↓↓↓
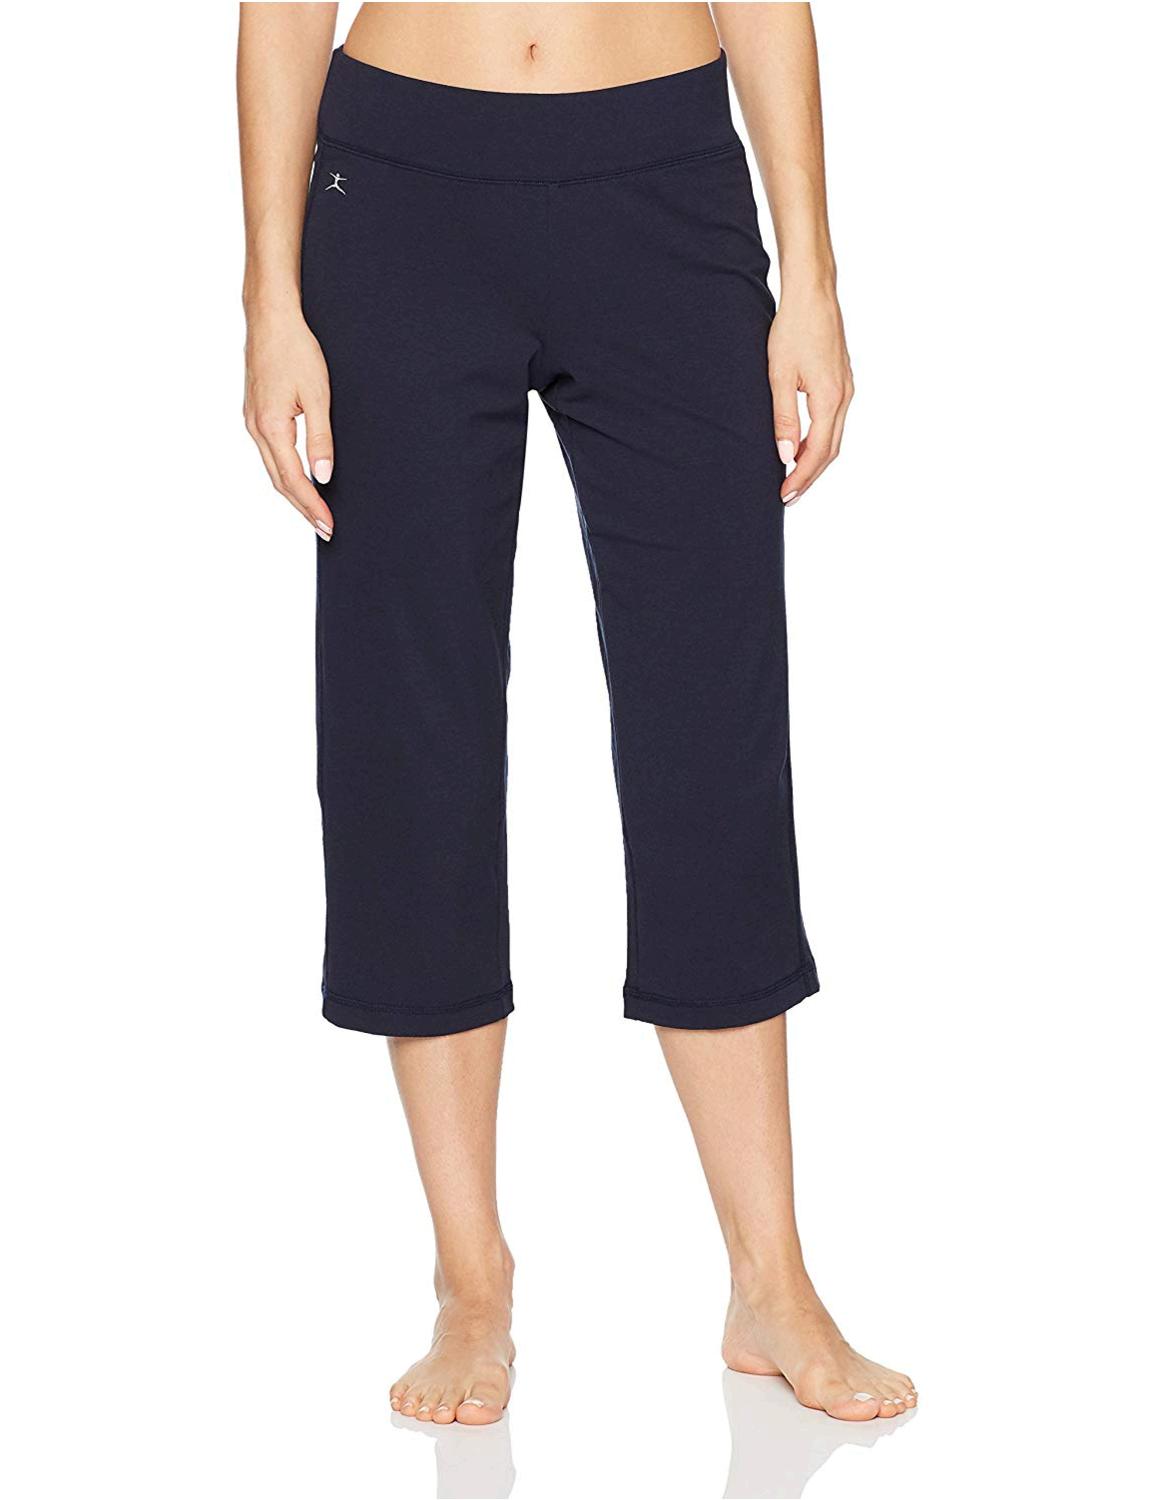 Danskin Women's Plus Size Sleek Fit Yoga Crop Pant,, Midnight Navy ...
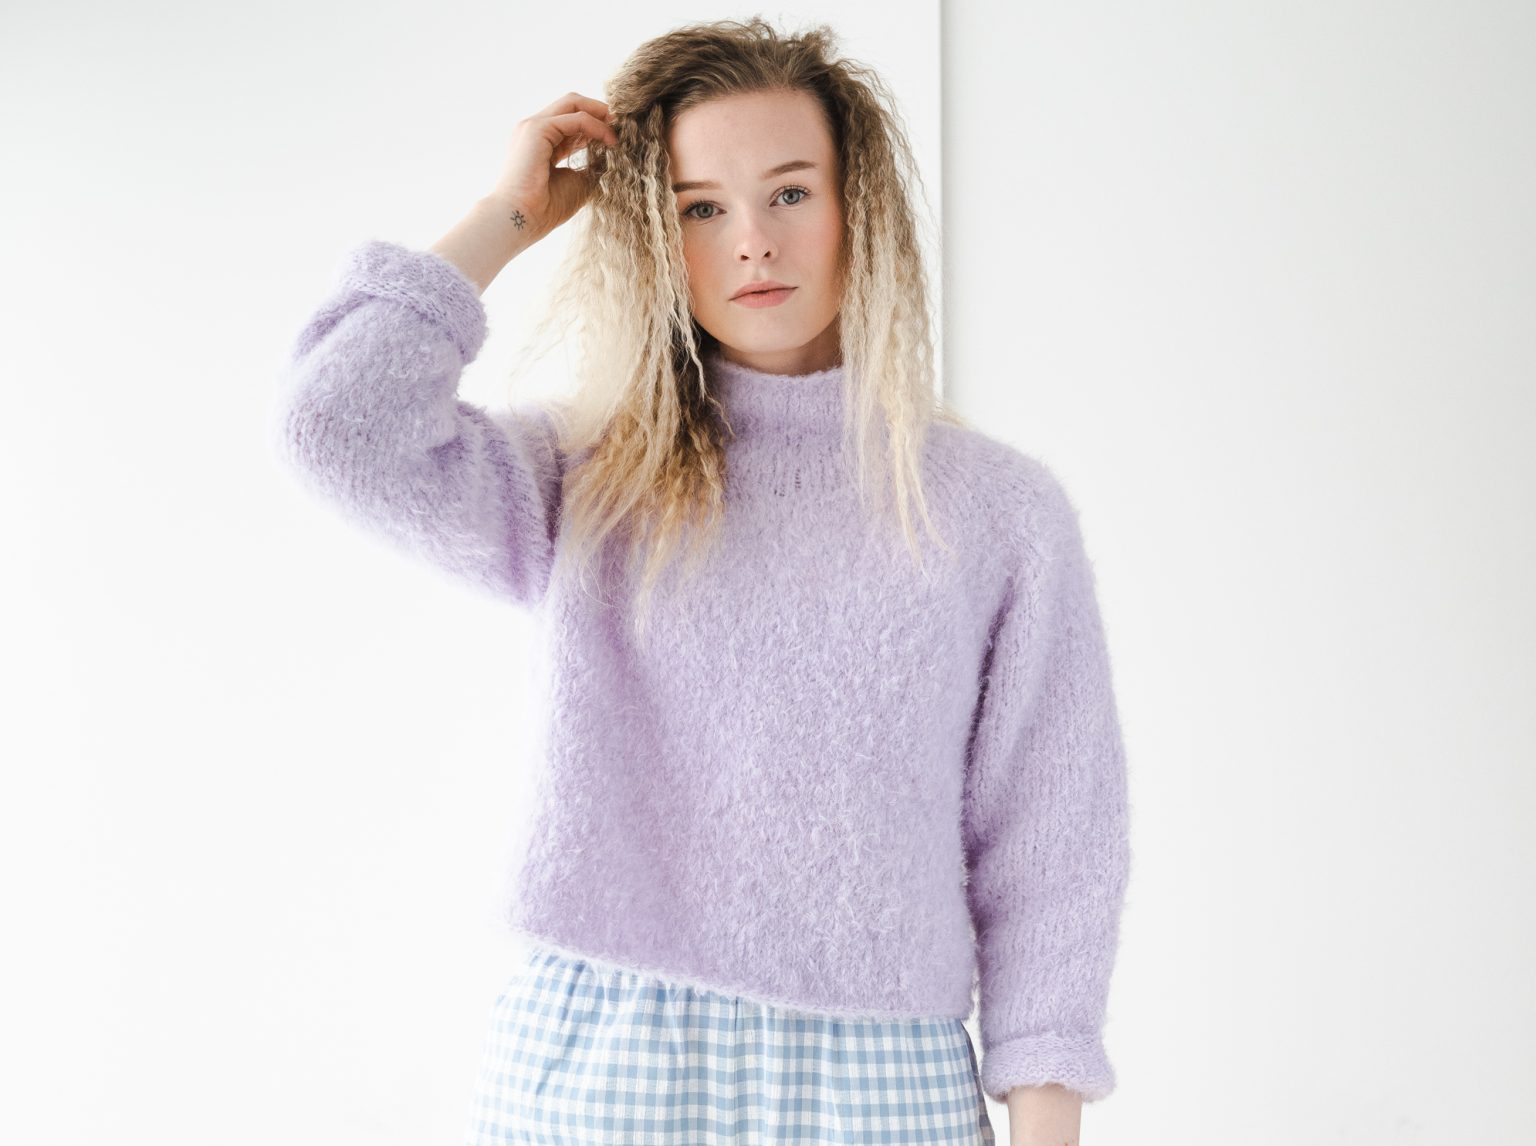 Wild sweater | Turtleneck sweater women | Knitting pattern - by HipKnitShop
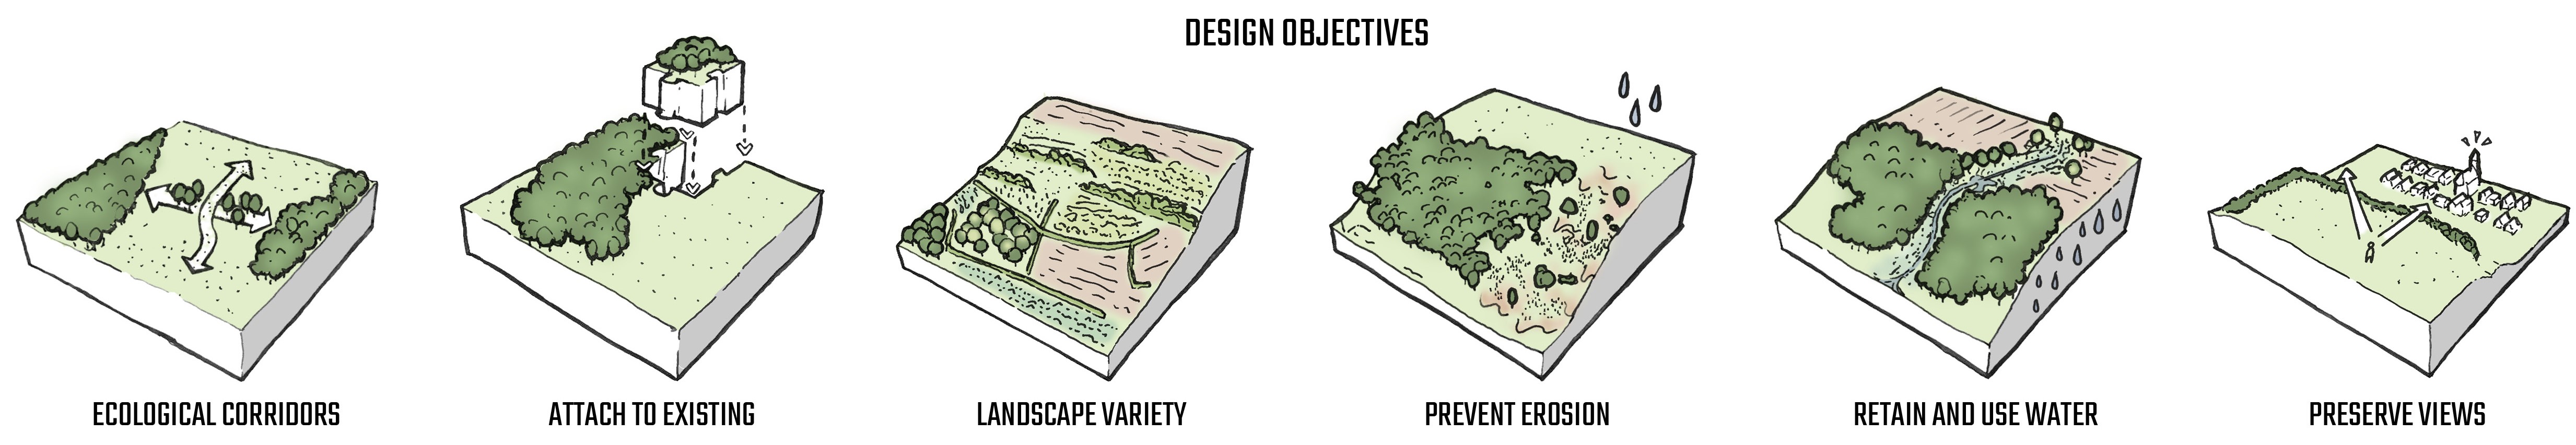 Design objectives
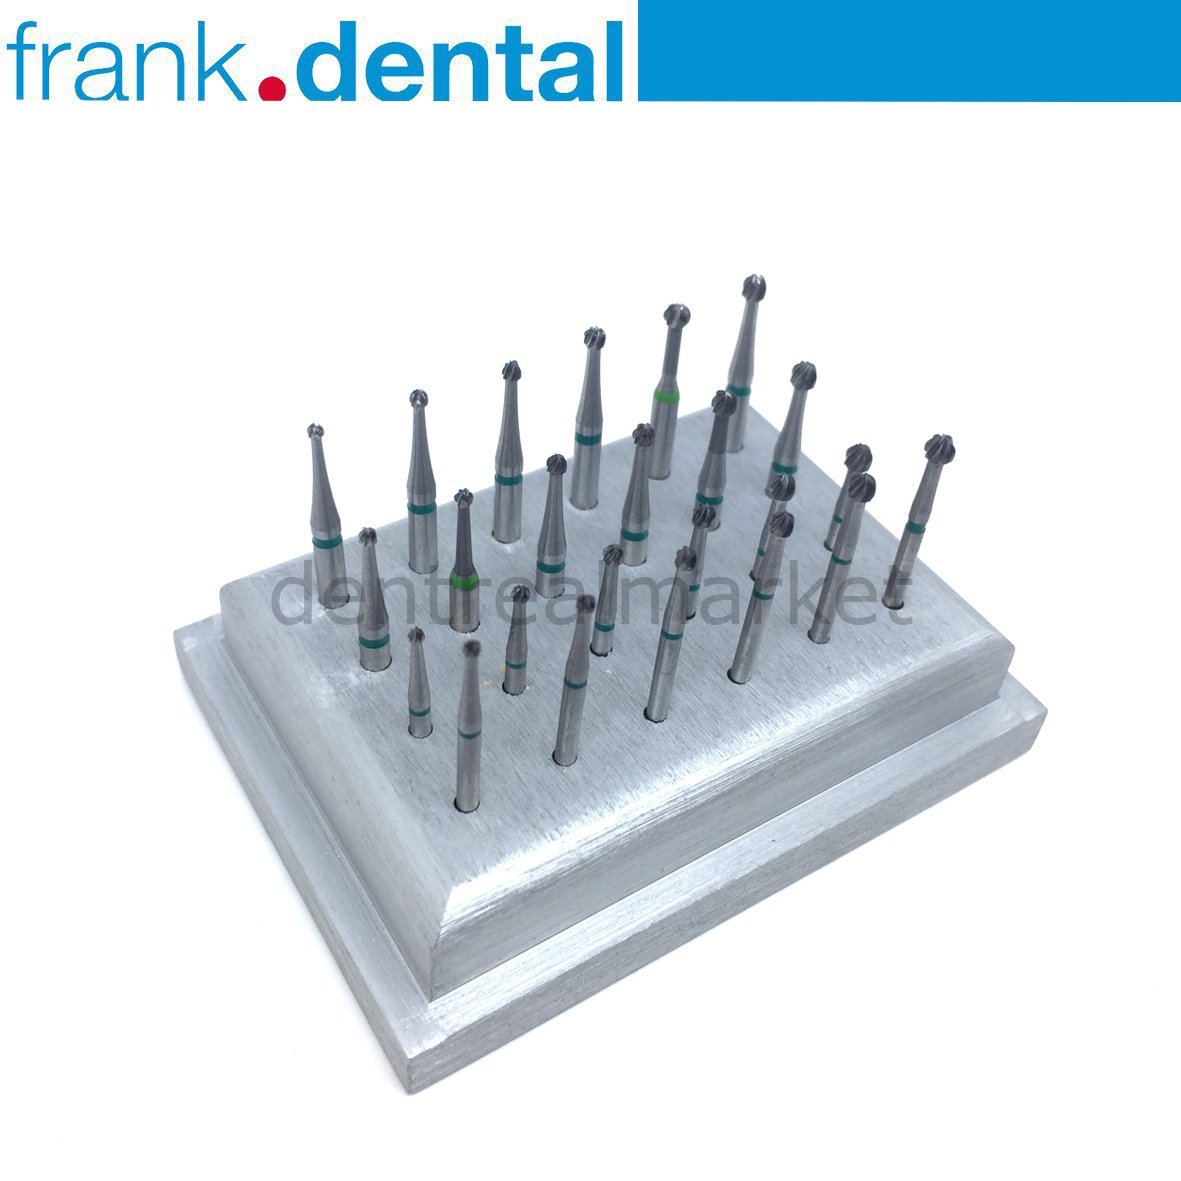 DentrealStore - Frank Dental Tungusten Carpide Burs Set - Contra- Angle & High Speed Handpiece
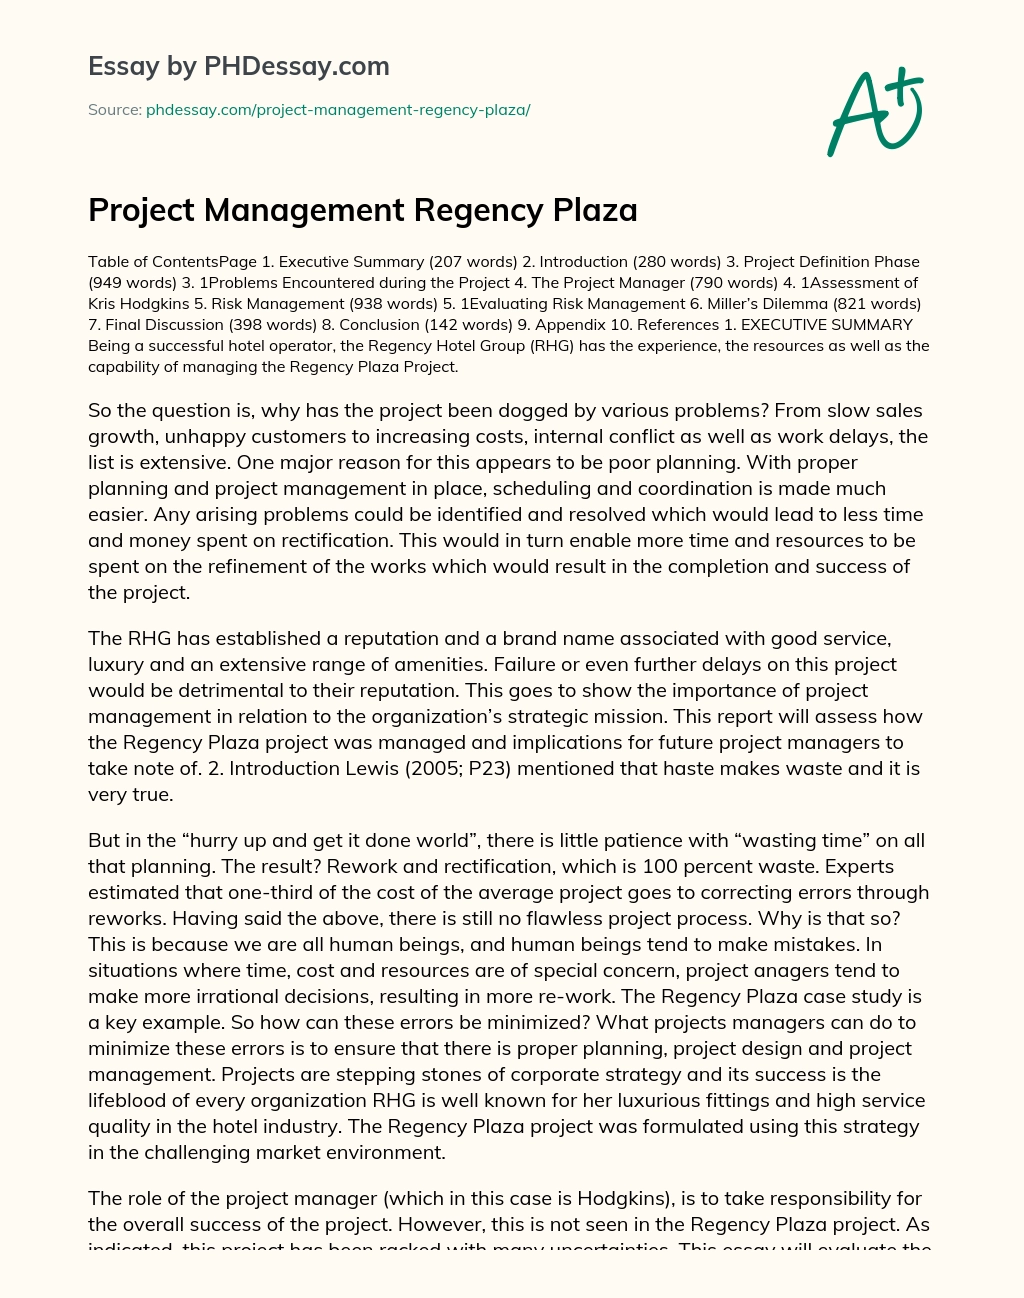 Project Management Regency Plaza essay
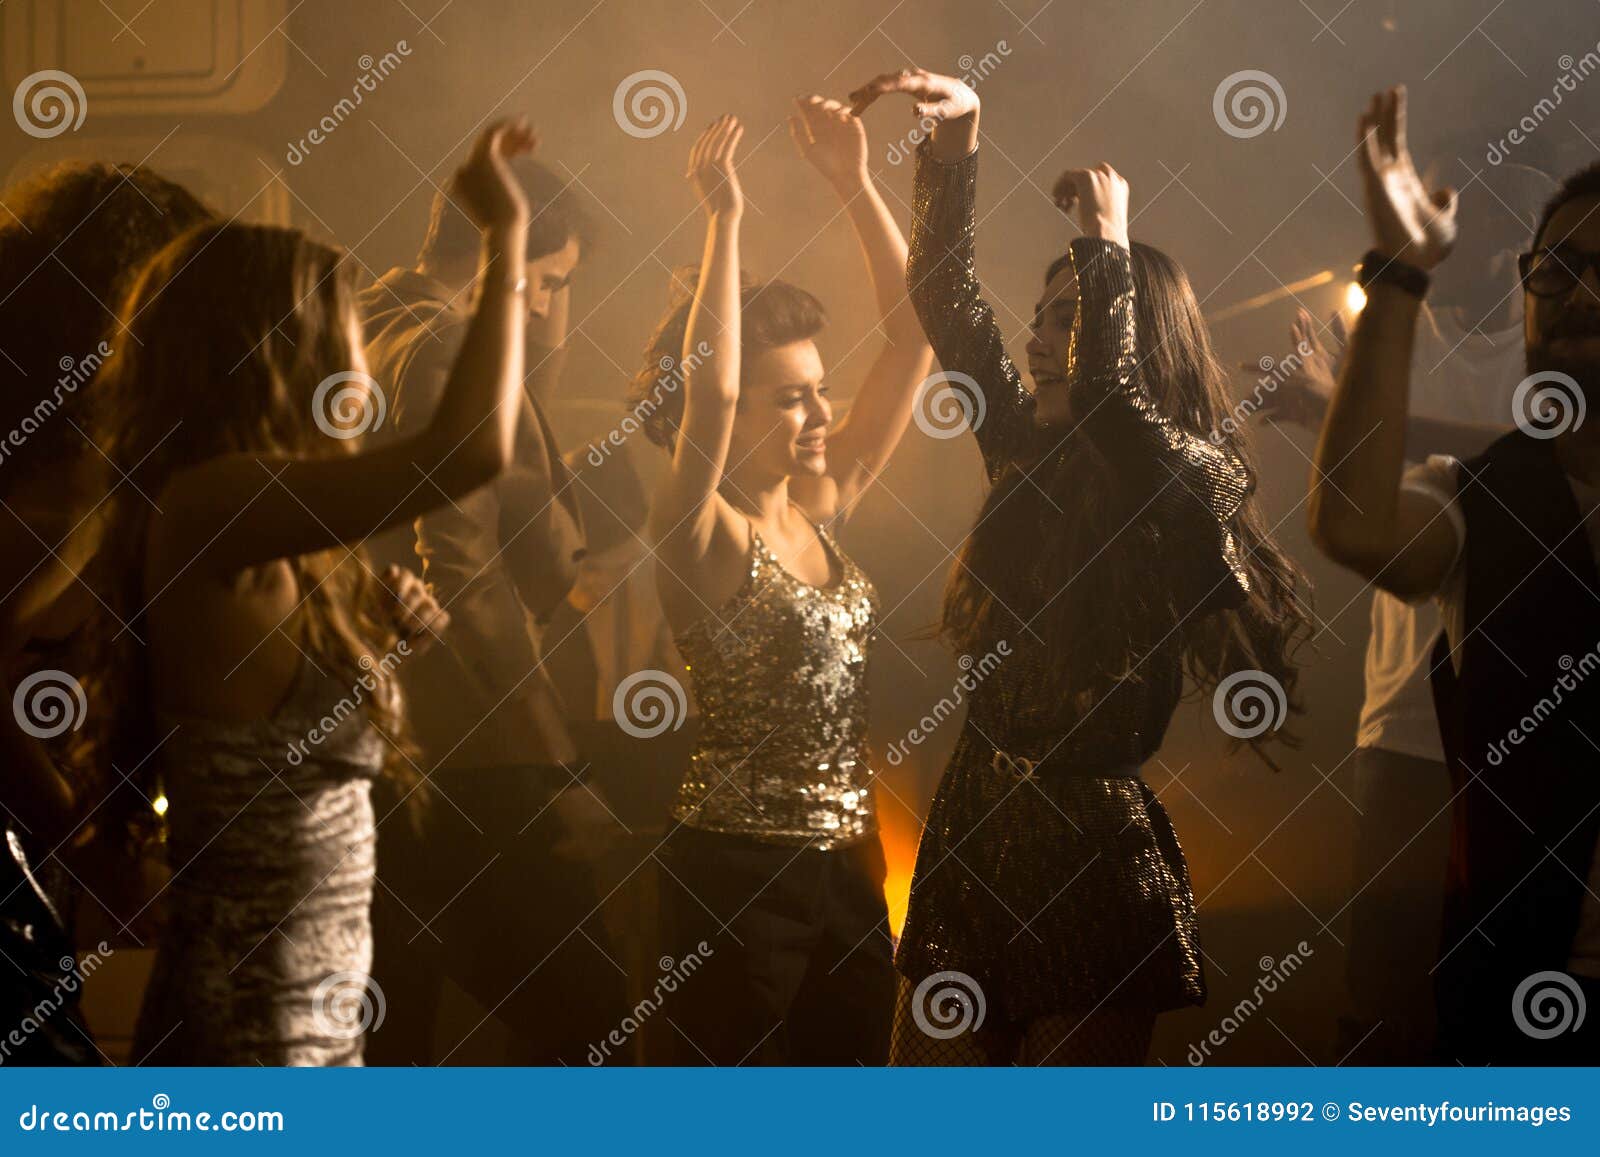 Group of Beautiful Girls on Dance Floor Stock Photo - Image of funky ...
↑↑↑
» DIRECTIONS
Each entry must be set down word for word; no image may be carried over.

» RESULT
 Danskin Women's Plus Size Sleek Fit Yoga Crop Pant,, Midnight Navy ...
 Wild sweater | Turtleneck sweater women | Knitting pattern - by HipKnitShop
 Design objectives
 DentrealStore - Frank Dental Tungusten Carpide Burs Set - Contra- Angle & High Speed Handpiece
 Project Management Regency Plaza essay
 Group of Beautiful Girls on Dance Floor Stock Photo - Image of funky ...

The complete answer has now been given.